Contratti in un cassetto, certificati medici in una cartella email, documenti d'identità sparsi tra colleghi: ecco cosa deve contenere il fascicolo del dipendente e come conservarlo a norma GDPR, con accessi controllati e scadenze sotto controllo.

4 marzo 2026

Cosa deve contenere il fascicolo del dipendente: il problema di chi gestisce il personale

Se ti occupi di risorse umane in una PMI o sei il titolare che segue il personale in prima persona, prima o poi ti sei posto questa domanda: cosa deve contenere il fascicolo del dipendente? E, soprattutto, dove tengo tutti questi documenti senza rischiare di perderli o di violare la privacy del lavoratore?

Nella maggior parte delle aziende italiane la realta e questa: il contratto firmato sta in un faldone, la copia della carta d'identita e in una cartella sul PC dell'ufficio, i certificati di malattia arrivano via email, l'attestato del corso sicurezza e in un raccoglitore, e la scadenza della visita medica se la ricorda (forse) chi gestiva le risorse umane due anni fa. Documenti sparsi tra cartelle, cassetti, chat e caselle email: finche tutto fila liscio nessuno se ne accorge, ma al primo controllo, al primo contenzioso o alla prima richiesta di accesso da parte del dipendente, ricostruire il quadro diventa un incubo.

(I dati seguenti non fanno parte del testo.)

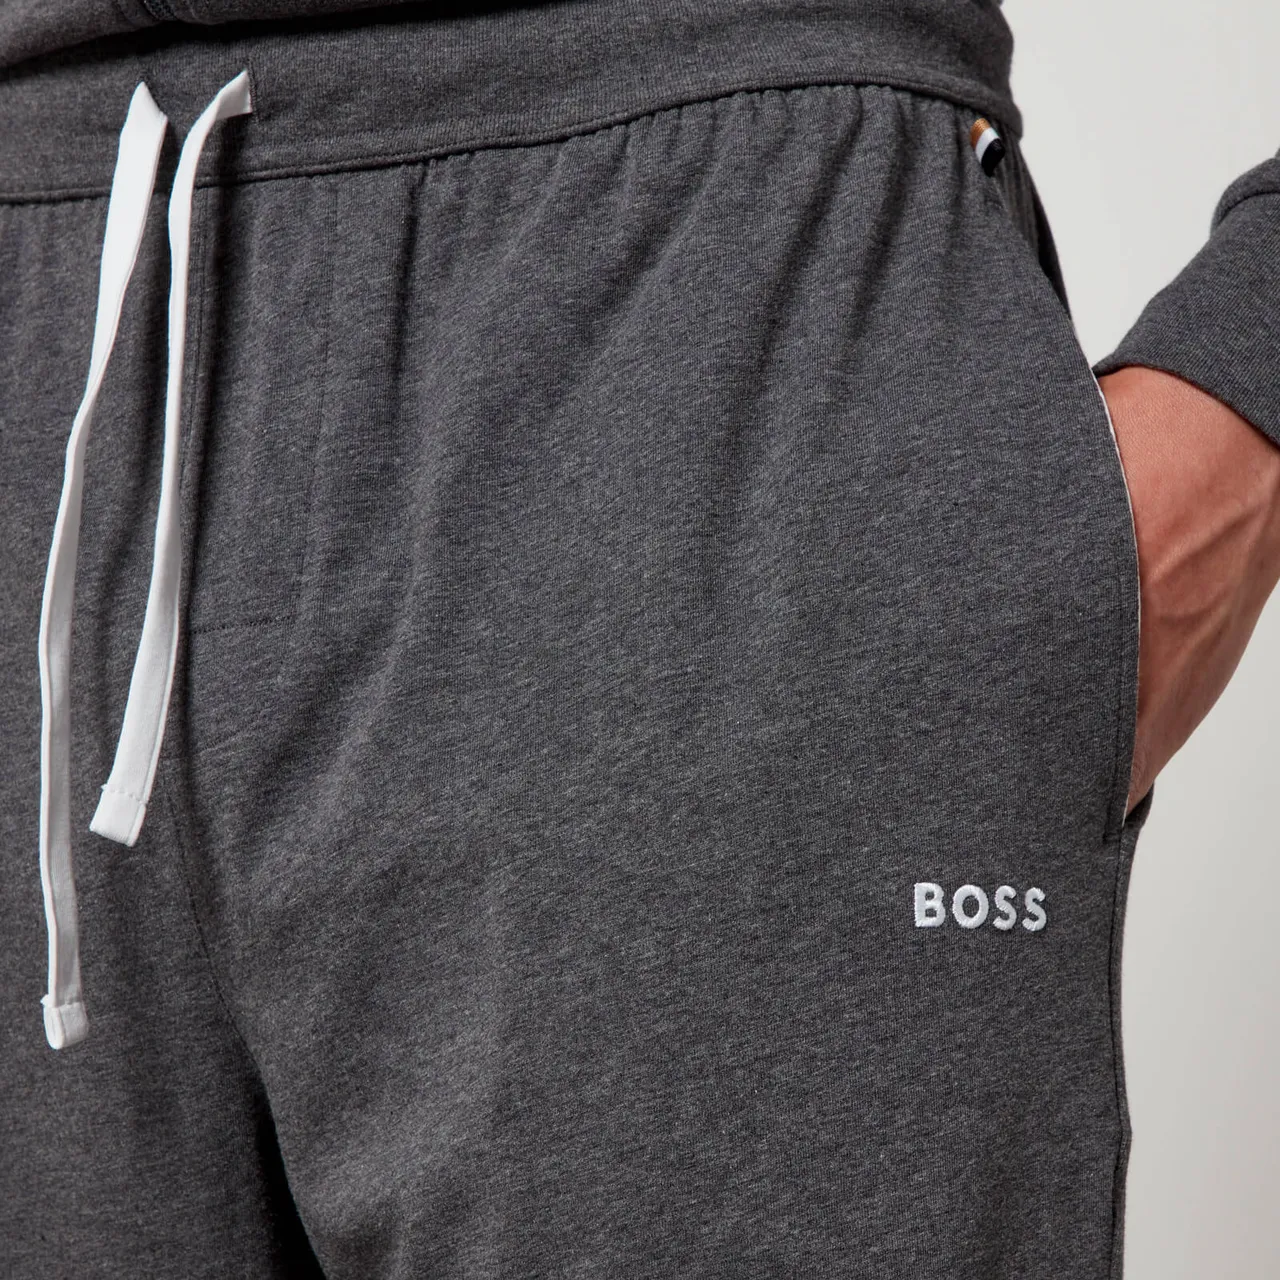 BOSS Bodywear Mix & Match Cotton-Blend Jersey Joggers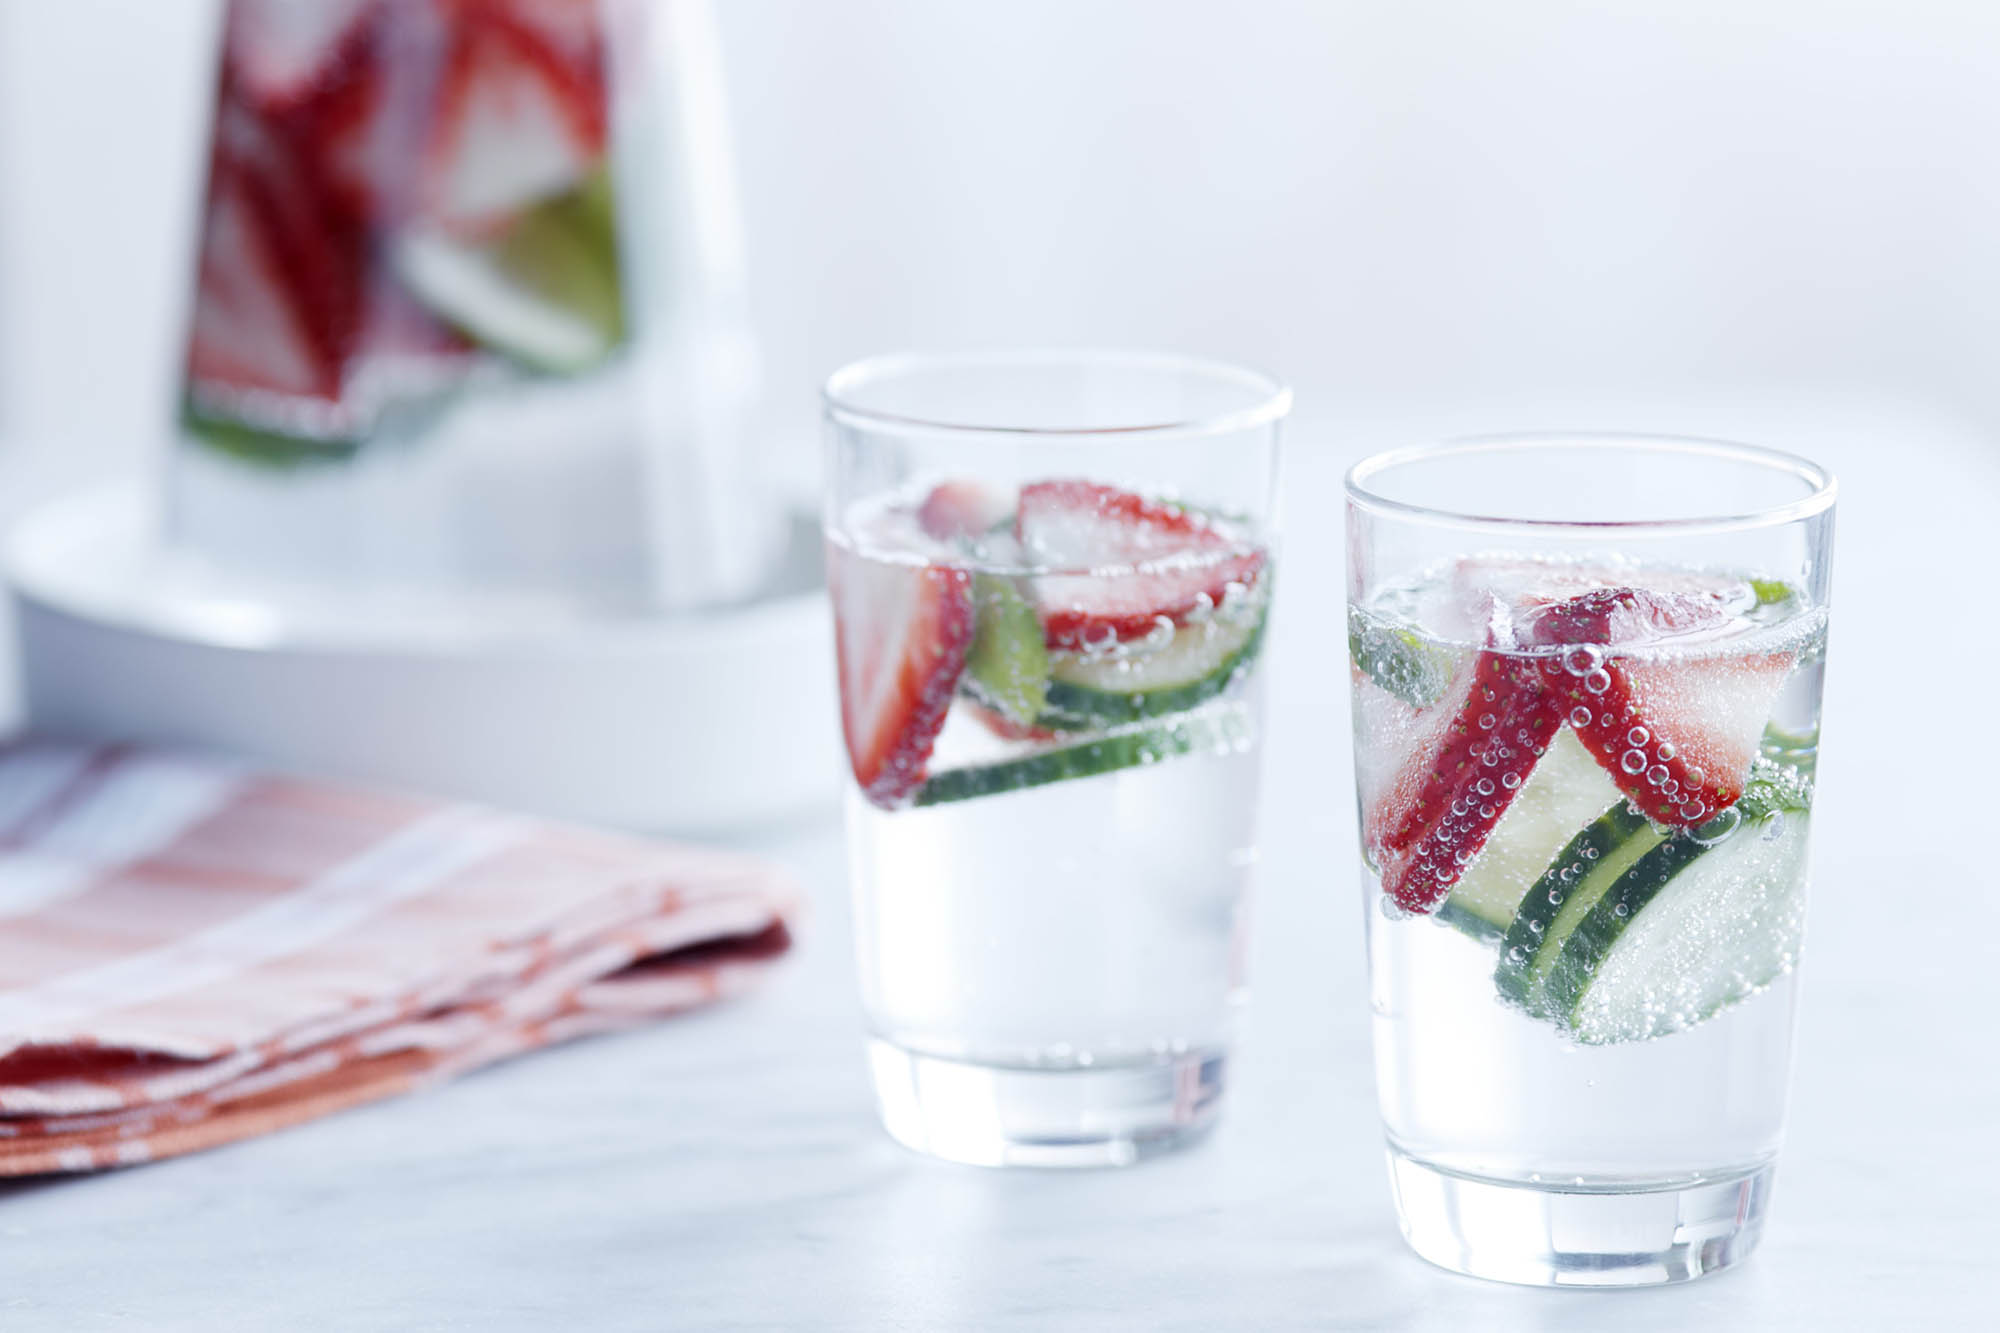 Resultado de imagen para strawberry and cucumber water

Il fascicolo personale non e solo un raccoglitore: e l'insieme ordinato di tutti i documenti che riguardano un lavoratore, dalla fase di assunzione fino alla cessazione del rapporto. Tenerlo completo e a norma GDPR non e una formalita, ma una tutela concreta per l'azienda e per la persona.

I documenti che non possono mancare nel fascicolo del lavoratore

Non esiste un elenco unico fissato per legge che dica esattamente cosa archiviare, ma la prassi consolidata e gli adempimenti normativi delineano un contenuto piuttosto preciso. Ecco i documenti che il fascicolo del dipendente dovrebbe sempre contenere.

Documenti anagrafici e di assunzione

  • Dati anagrafici e codice fiscale del lavoratore.
  • Copia del documento d'identita e, se previsto, del permesso di soggiorno.
  • Lettera di assunzione e contratto di lavoro firmato, con indicazione di mansione, livello, CCNL applicato e retribuzione.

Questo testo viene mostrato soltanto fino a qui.